This is a proposal for the steps needed to incorporate a callback whenever a record is updated on Fairdata to index the updated record(s) in an associated Typesense index. This would have many advantages, including...
- More or less instant updates rather than waiting for scheduled cron job;
- Would run on the main worker dyno rather than needing to spin up new dynos each time a job is run and worry about what size is needed for each project; with this system all updates would only involve a handful of records at once, so resources shouldn't be a problem;
- Parameters for the Typesense config are managed within the fairdata database, rather than....not.
- No need to pull all the model data and send it to Typesense with every update; only data that actually changes is sent.
- Could potentially simplify the process of configuring searches for a
core-data-places site, which currently requires a full Typesense config for each search; at least some of that info could now probably be grabbed from Fairdata, or at least this opens the possibility for that.
The Steps
- Add
typesense_host and typesense_api fields at the project level, similar to how we've added faircopy_url etc.
- This will involve a schema migration to add the fields, as well as an update to the project configuration UI form to allow the values to be entered and saved. Basically I would copy exactly how the
faircopy_url field is implemented.
- Could be one JSON object rather than two string fields if that seems better.
- I'm imagining long term that Typesense will be one of several options for what to do with the search JSON generated by the
after_save callback.
- Add a
typesense_index field at the model level.
- This could potentially also be a JSON field; in either case there are a couple of flags that we'd also want the ability to control per-model, namely a
polygons flag and some sort of index_on_save flag that can be turned off if for some reason they want to make changes without updating the search index. (Do we want to allow that? I guess just deleting the index name would accomplish the same thing? Maybe we don't want/need to allow it... but we do need the polygons flag option.)
- Add
after_save callbacks to all model types (or whatever exactly the right callback would be) that does the following:
- The easy(?) part: The logic for creating search JSON from a given record already exists. After a record is updated, we can mimic the code from here to update the record in the associated Typesense index, using a Typesense client initialized with the parameters that come from the project and specific model (see here).
- If the record was deleted, then instead we can call the
delete method on the client and filter by uuid. See here.
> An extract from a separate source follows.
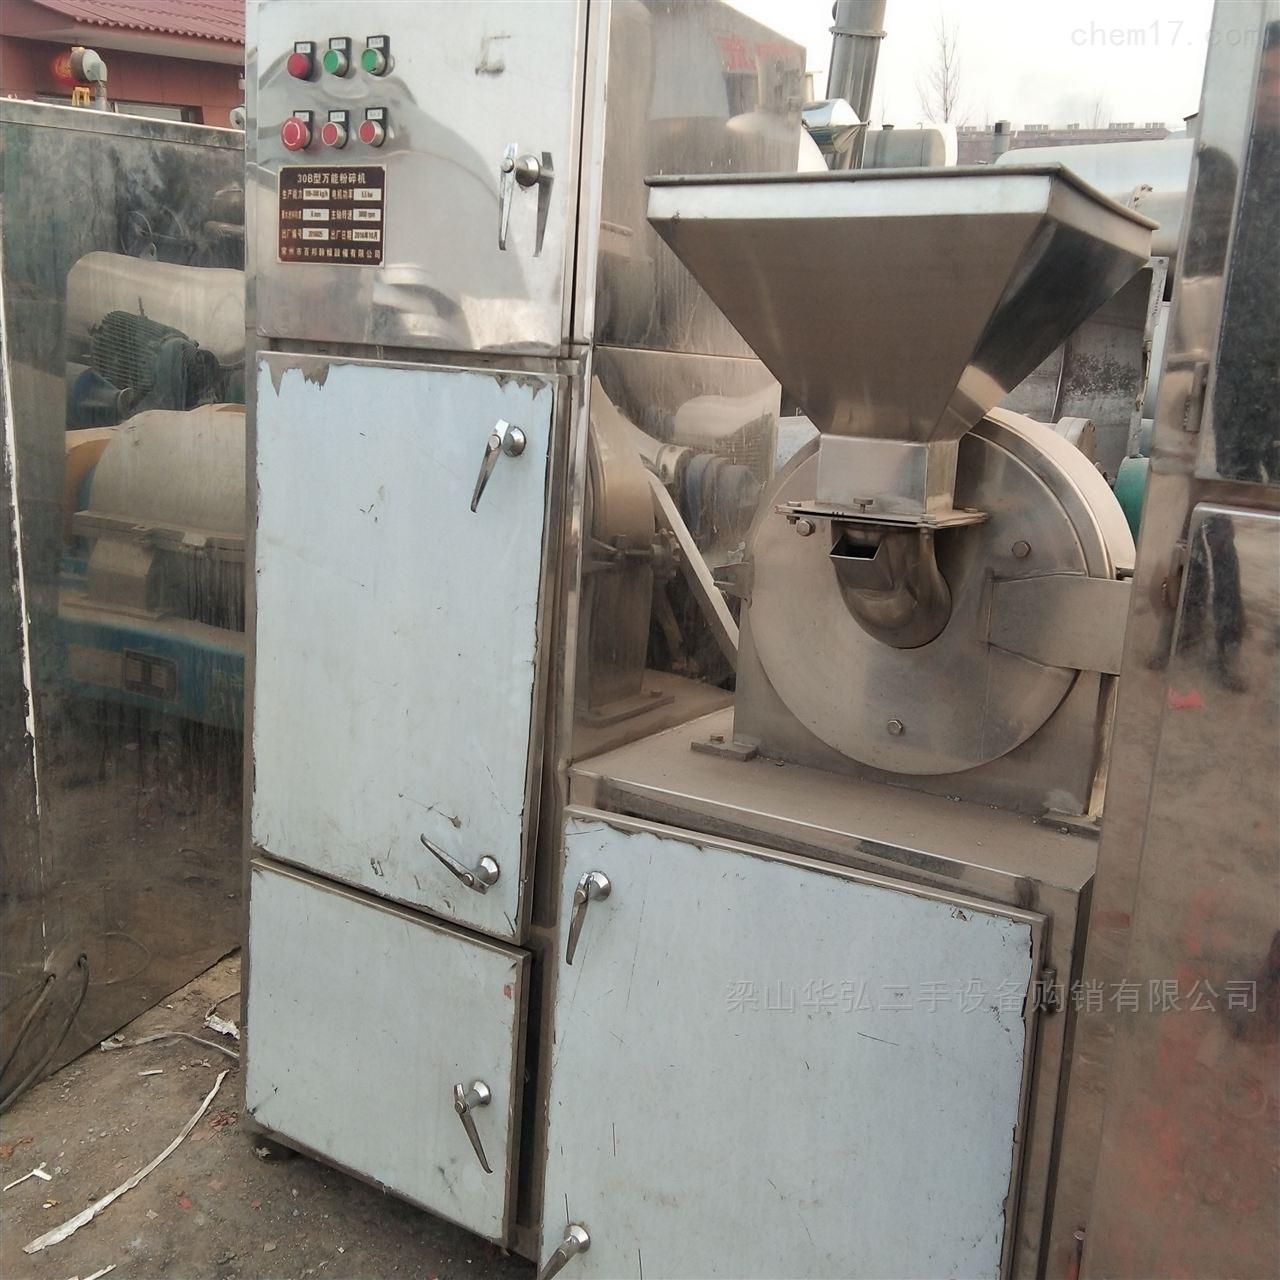 大量回收超细粉碎机
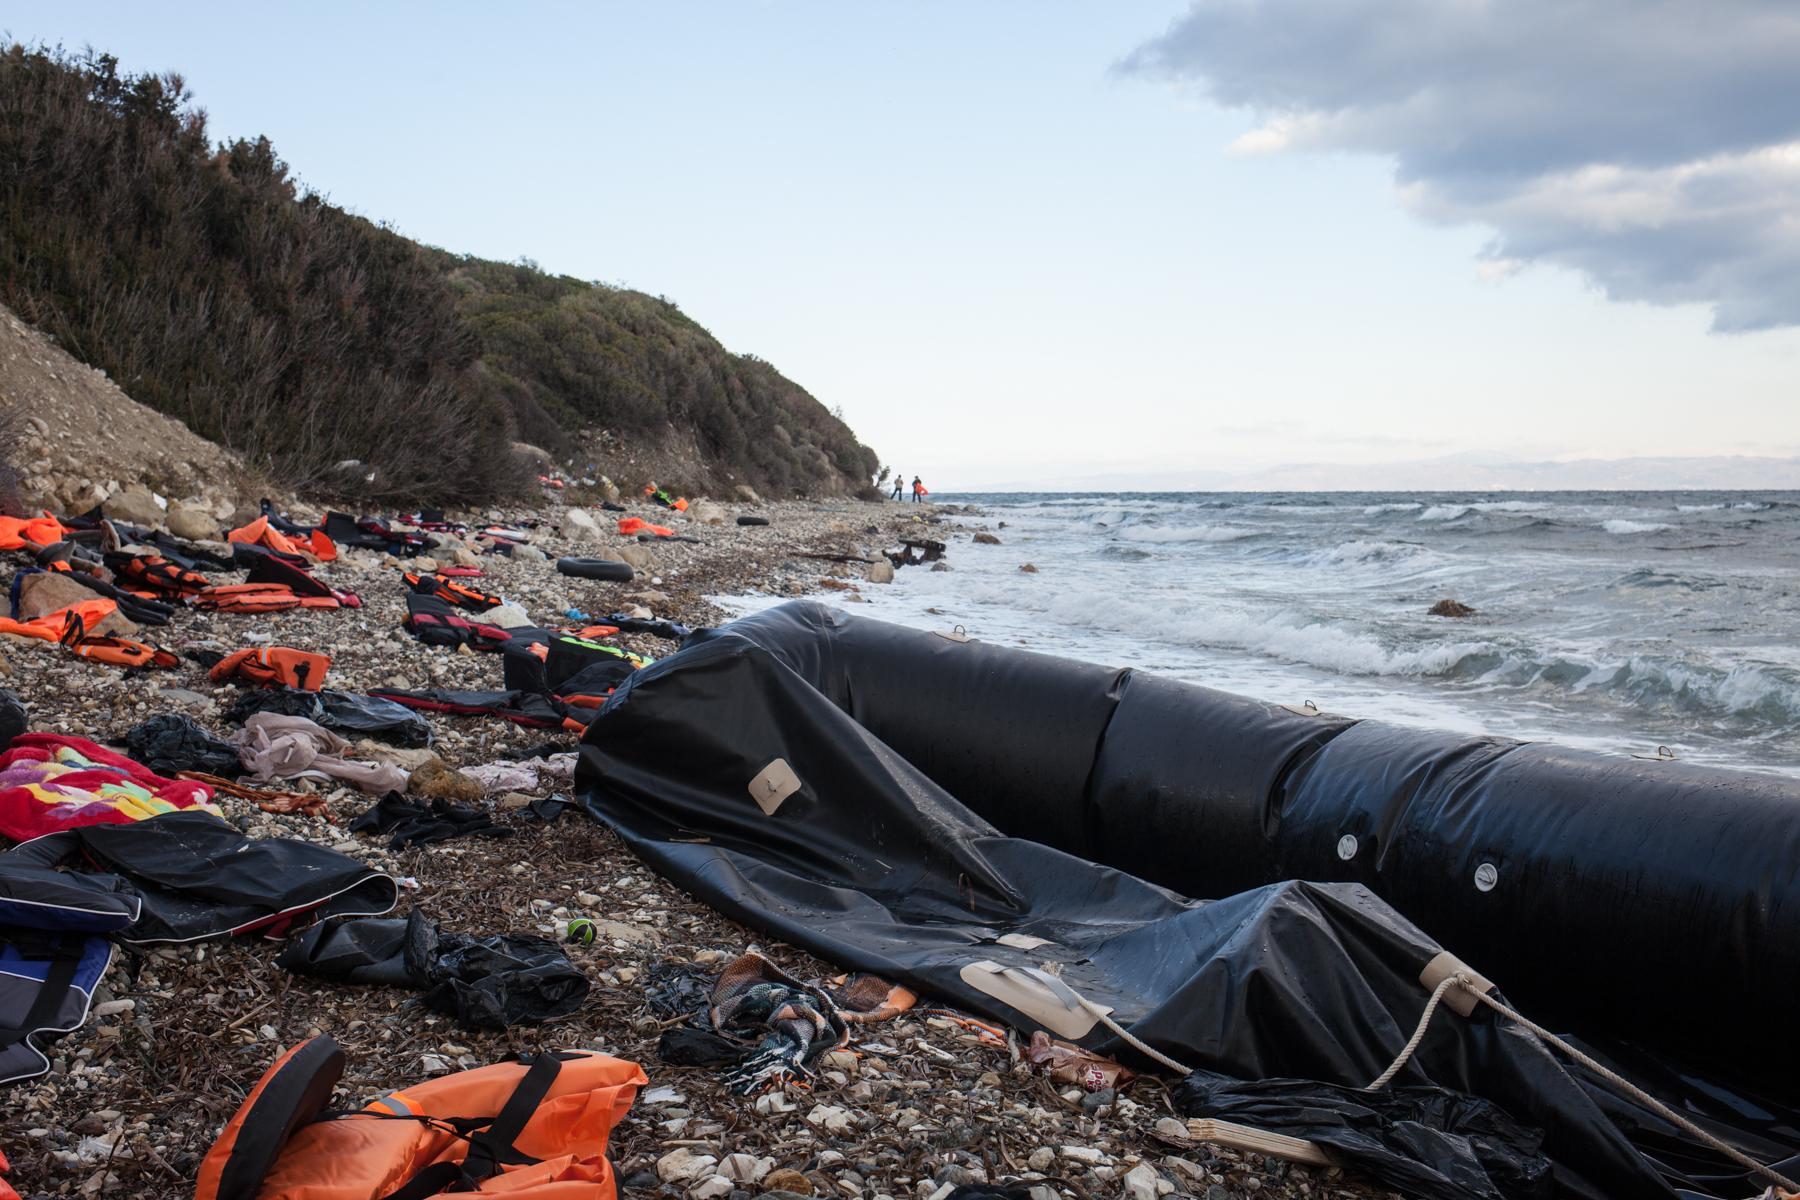 Entlang des südlichsten Küstenstreifens auf Lesbos, der nur zu Fuß erreichbar ist, bahnt sich das Ausmaß der Katastrophe an. Boote, die einen falschen Kurs eingeschlagen haben stranden hier und Geflüchtete müssen weit zur entfernten Strasse laufen.

- The hard part: Relationships. This is the part that's making my head hurt a bit to think through, possibly because Rails stuff is still kind of sorcery to me. If record A is edited to have a new relationship with record B, then obviously the Typesense callback needs to happen for both items A and B. That part I feel should be doable -- the callback for after a new relationship is saved can just send the data for both records involved. The more subtle case is if records A and B are related and some field of A is modified. This should trigger not only a reindex of A but also of B, since we index names and UDFs of related records. Perhaps that's not as annoying as I'm fearing, though; perhaps we just need the callback function to find all related records and then call the reindexing function on them. But we definitely need to think through all the possible cases -- a record related to record A was deleted; a relationship was deleted; etc.
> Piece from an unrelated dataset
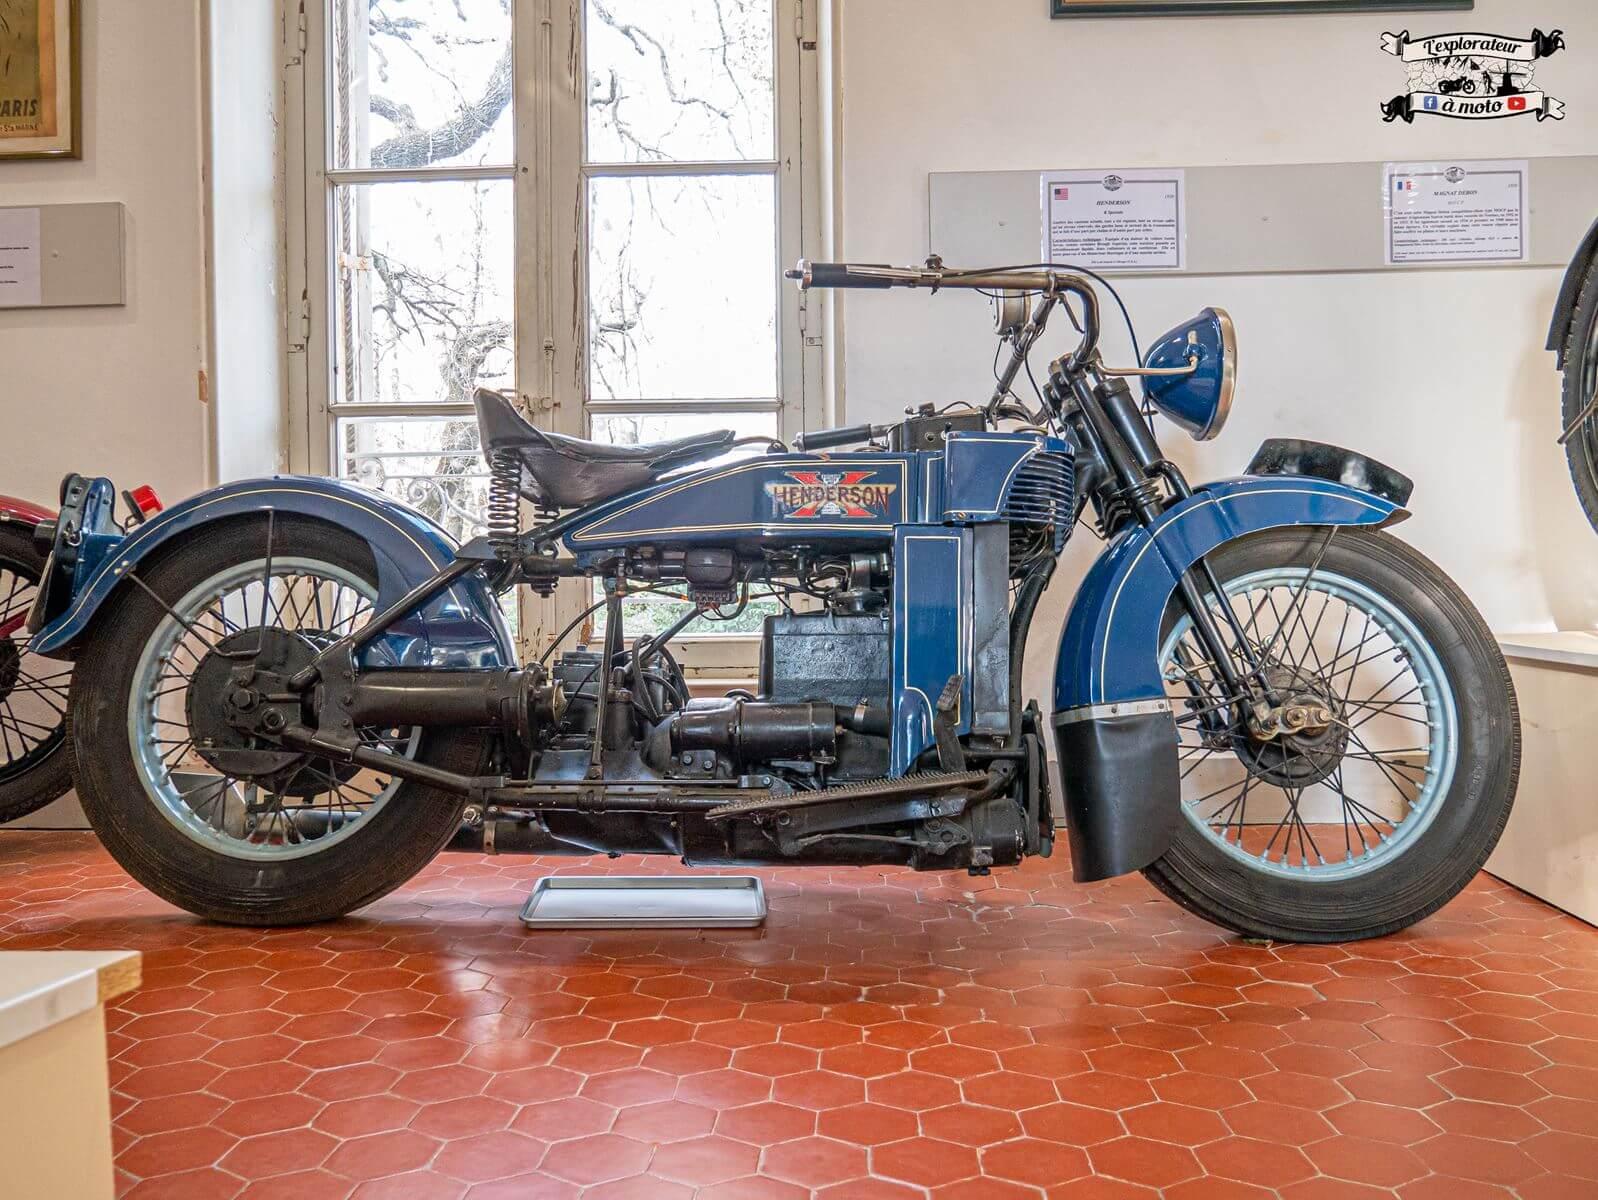 Henderson K Spéciale 1930, Château de Bosc 01 - lexplorateuramoto.com

- On the Typesense side, I think there are things we could do to facilitate this workflow, specifically making use of aliases. I propose that by default (barring some other specific need) we create a
<model>_prod and <model>_staging alias for each model we're indexing on a project. Then if the client desires a "frozen" version of the data for a production site or whatever, we can point the _prod alias at an index that we populate all at once and doesn't get updated. Meanwhile the _staging alias can be pointed at another index (perhaps named <model>_<month>_<year> or something?) that is the one that's actually configured to be updated as the data is updated. Then when we do a data "push" to production, all that's needed is to change the _prod alias to point at the up-to-date index. The old frozen index can be deleted and a new "live" index created, with the _staging alias pointing to it. This way there's zero risk of downtime or errors on production as the data is updated.
Some further notes
- I think this would be a huge improvement over the current system; but I am not confident enough in Rails stuff to be certain exactly how big a lift it is. I think I have a basic scaffold in my head of how it should work but obviously I welcome comments/corrections/improvements.
- This outline does not include any solution for project-specific indexing scripts, such as indexing full text from an associated Faircopy project.
- It also does not include any solution for the problem that's come up a few times of desiring to be able to index a relation-of-relation model, e.g. a places search with a facet for an identity label taxonomy related to people. I don't feel sure whether that's something we want to add to the Rails scripts as an option somehow, or whether we want to continue to meet that need by running a project-specific node script that grabs the desired second-order data and adds it to the index (that's what I've so far done for both NBU and MiCA, but obviously it's a bit ad hoc).
This is a proposal for the steps needed to incorporate a callback whenever a record is updated on Fairdata to index the updated record(s) in an associated Typesense index. This would have many advantages, including...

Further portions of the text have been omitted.